Spearwood to mark patron’s big day

25 Jan 2012

By Robert Hiini

Somascan fathers at Spearwood parish prepare to celebrate their saints feast day marking 500 years since their patron’s liberation from imprisonment.

St Jerome Emiliani (1481-1537) was no plastic saint – fallen one day and holy the next.

When Our Lady visited him in prison and freed him from captivity, his ascent to sanctity was anything but immediate, Somascan priest Fr Johnson Malayil CRS told The Record.

St Jerome’s Parish, Spearwood, will celebrate their saint’s feast day on 11 February, inviting the whole archdiocese to a 6pm celebration of his life and the Somascan’s ongoing work in his charism.

Favoured with noble birth and rising to govern a stronghold of the Venetian army, Jerome had led a Godless life up until the city’s defeat at the hands of German aggressors; drifting away from the faith of his childhood.

Bound in chains and languishing in the bowels of a dungeon, no one stepped forward to pay his ranson.

Dejected and alone, the Blessed Virgin appeared to St Jerome and loosed his chains, securing his mystical escape.

But liberation of a spiritual kind took years of stumbling prayer, Fr Johnson said, and it was some time before St Jerome knew God was calling him to care for orphaned children and the desititute.

In some ways, the task was simply visited upon him, as the city suffered famine and then plague in relatively quick succession.

Like his saintly contemporary St Ignatius of Loyola, St Jerome was a harbinger of the counter-reformation, but one that starts, Fr Johnson said, with personal reformation and conversion.

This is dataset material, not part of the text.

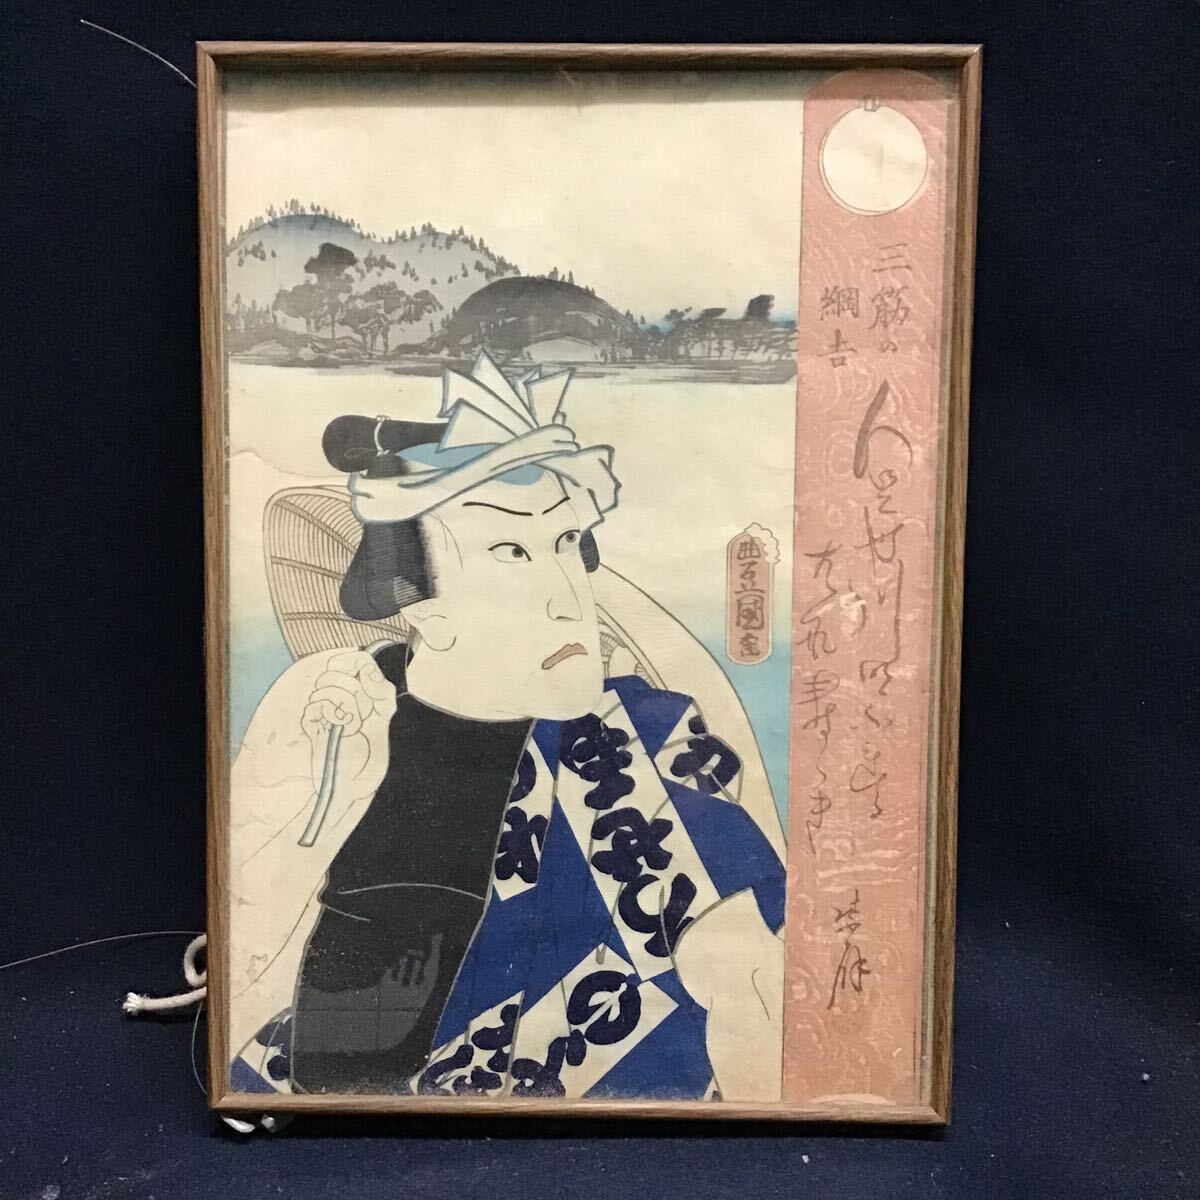 [Trabajo auténtico] Tres líneas de Tsunayoshi Utagawa Toyokuni Enmarcado Koizumi Kenbori Grabado en madera Ukiyo-e Nishiki-e Pintura Toyokuni de gran formato, cuadro, Ukiyo-e, imprimir, imagen kabuki, foto del actor

“It was a counter-Reformation from within, to that state of sanctity that was characteristic of the Church of the apostles,” Fr Johnson said.

“He realised that reformation takes place individually and that by reforming himself he took part in reforming the Church.”

More than 400 years before the Second Vatican Council, St Jerome’s life integrated two streams which have been seemingly divergent ever since – those of justice and sanctity.

It’s an integration the Somascan’s strive to maintain today in their pastoral care in the developed and developing world.

“Our aim is not just to provide young people with food and accommodation but showing them the paternity of God; the face of God the Father,” Fr Johnson said.

“In that way we help them to develop a relationship with God and reformation from within.”

“If we are just secularised and only care for human beings’ earthly life then we diminish their dignity which is open to eternal life. But if you are concerned only about their spiritual life you diminish the value of human life here,” he said.

“St Jerome Emiliani was both: caring for people’s earthly life but knowing they were meant for eternal life.”